**WHAT THIS TASK INVOLVES:**
Transcribe the listing below in full, exactly, with no images.

**DATA EXTRACT:**
-- -- --
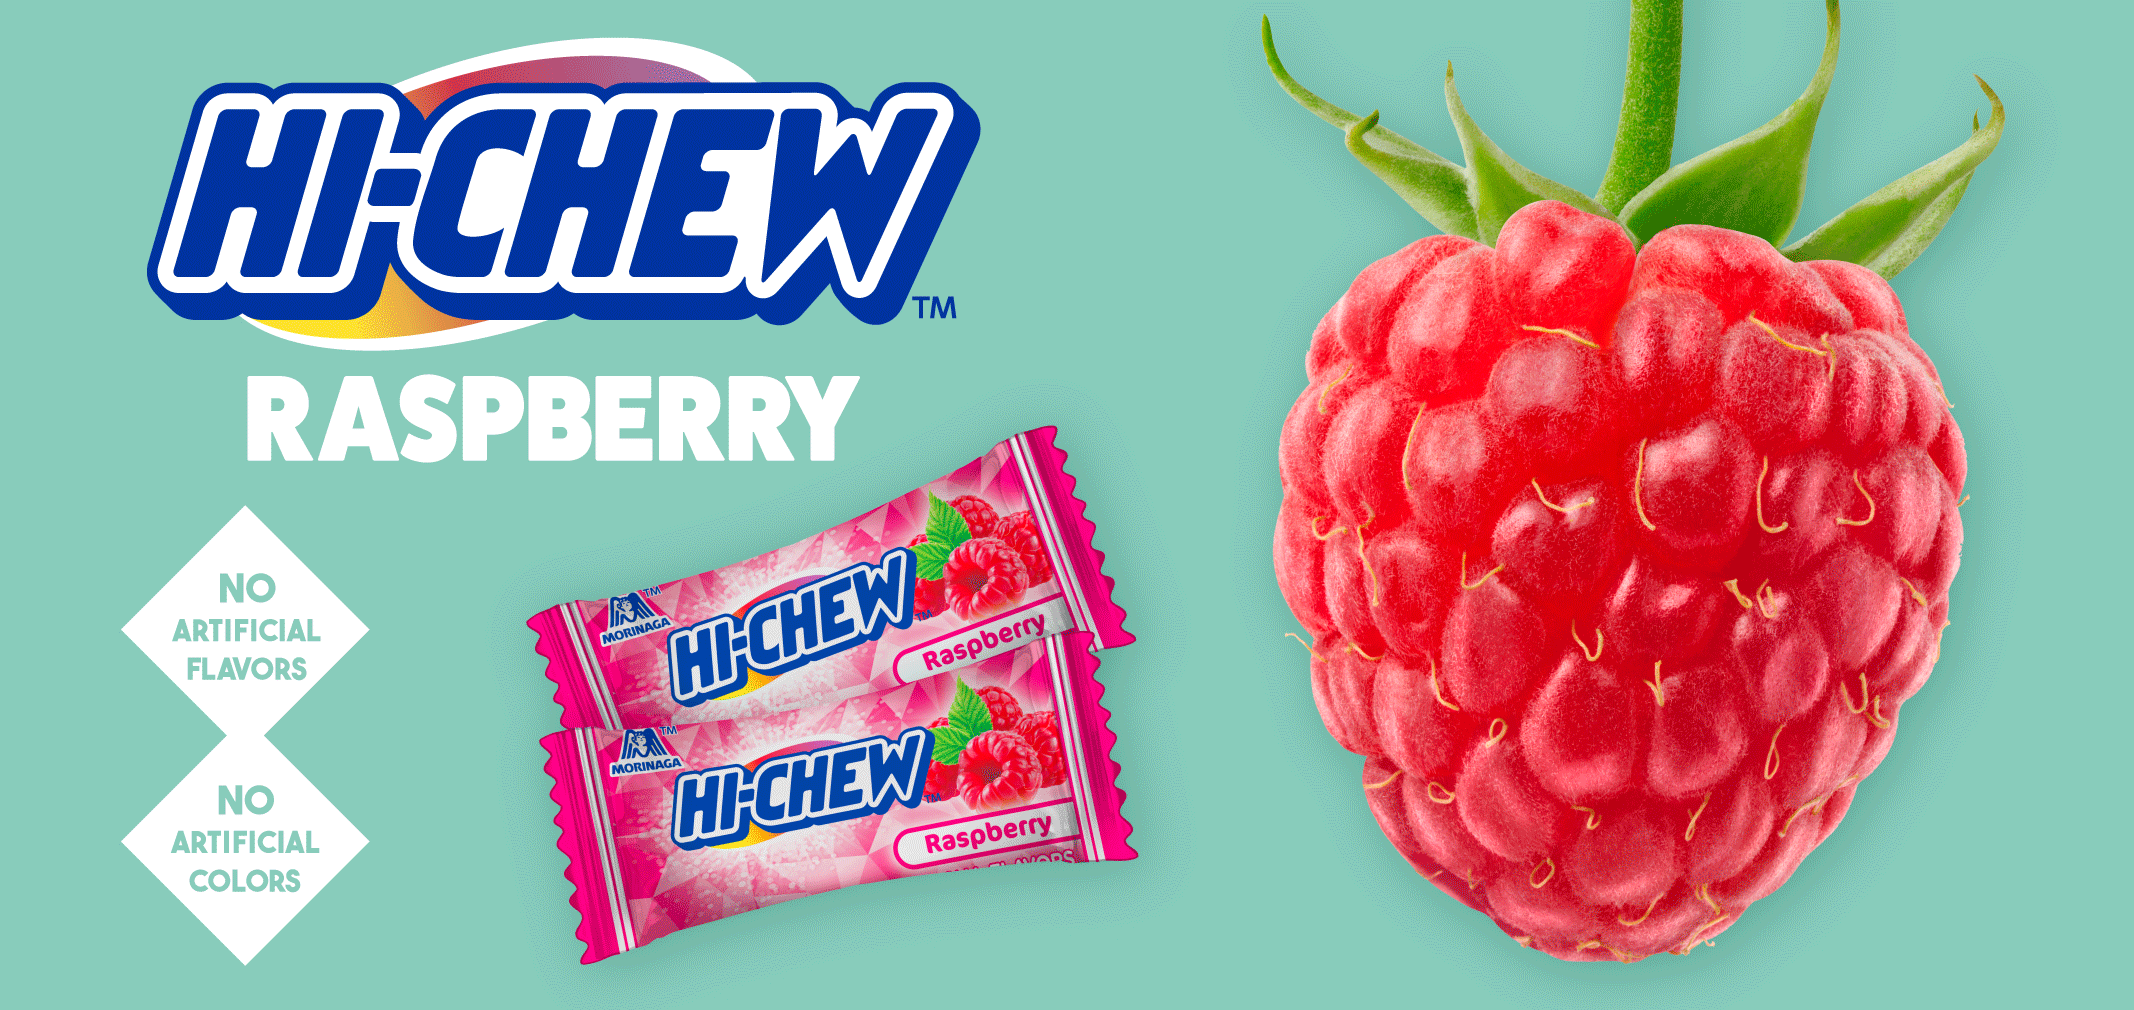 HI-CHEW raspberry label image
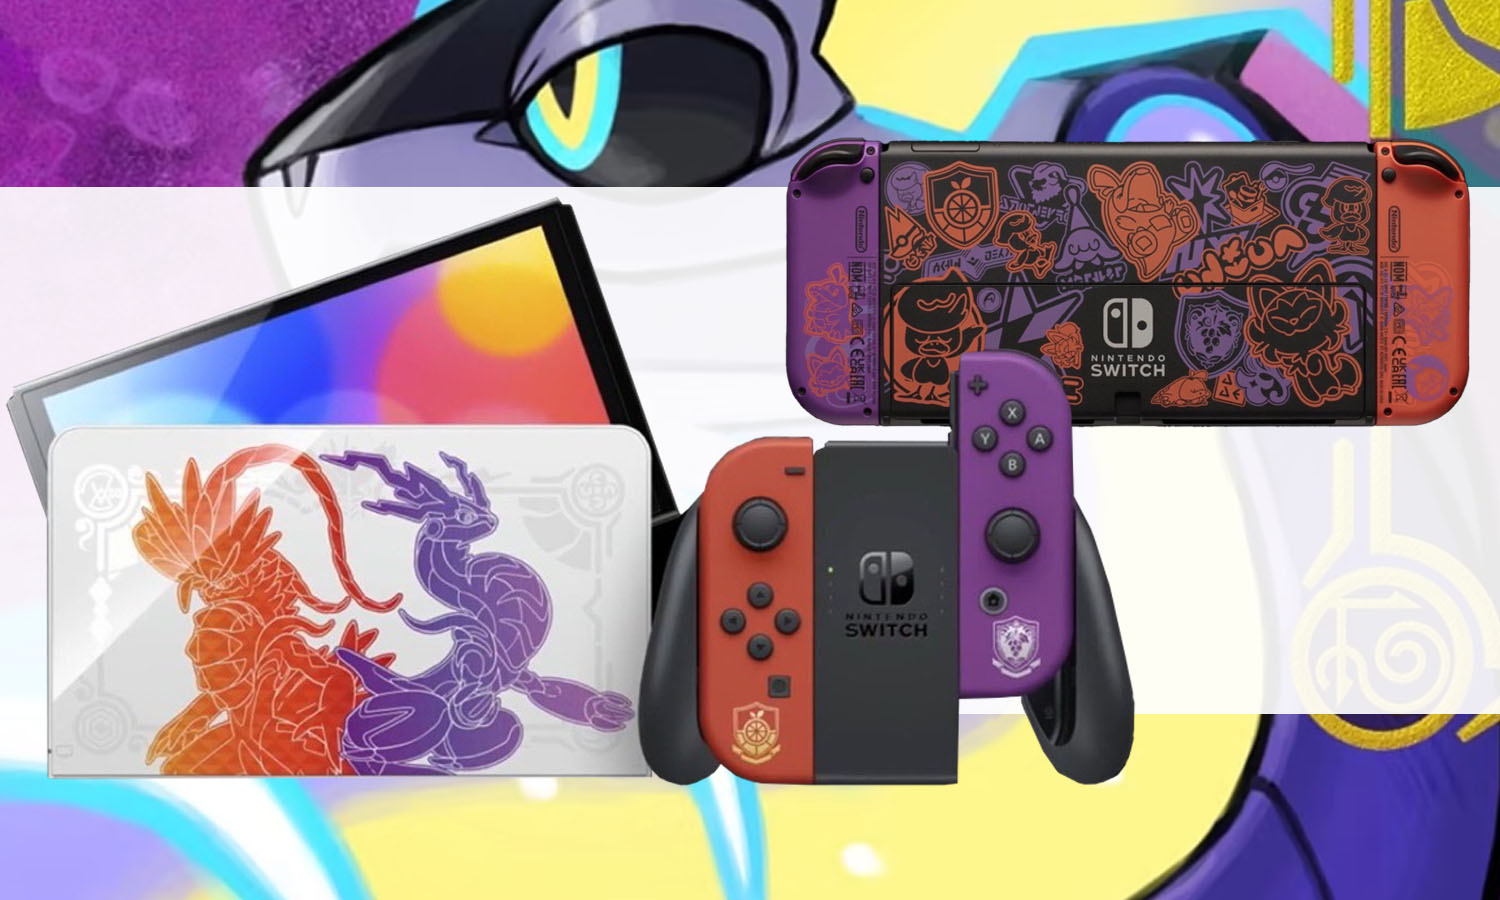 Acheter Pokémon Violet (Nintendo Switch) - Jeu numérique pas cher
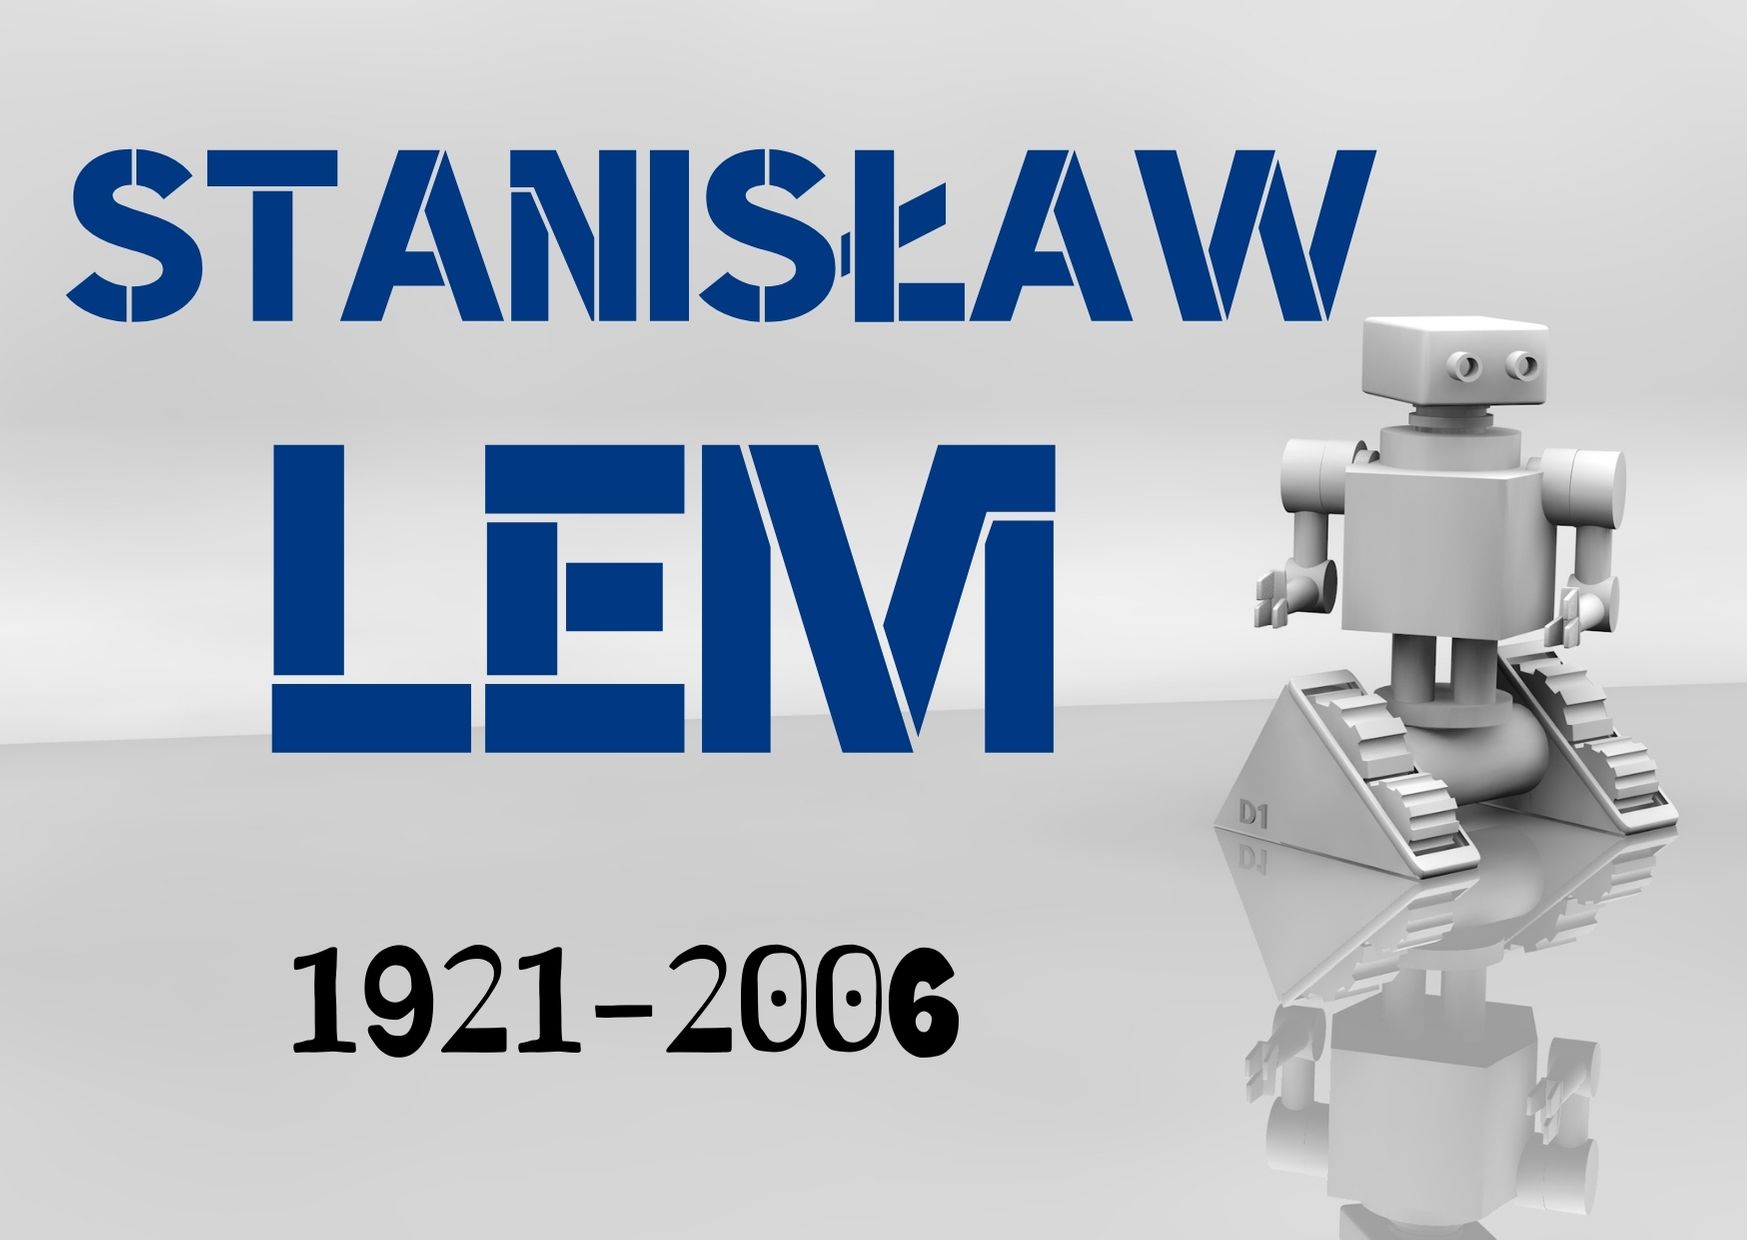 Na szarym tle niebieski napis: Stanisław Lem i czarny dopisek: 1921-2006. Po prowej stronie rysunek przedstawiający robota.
-- -- --
**FINISHED EXERCISE:**
 HI-CHEW raspberry label image
 Acheter Pokémon Violet (Nintendo Switch) - Jeu numérique pas cher
 Na szarym tle niebieski napis: Stanisław Lem i czarny dopisek: 1921-2006. Po prowej stronie rysunek przedstawiający robota.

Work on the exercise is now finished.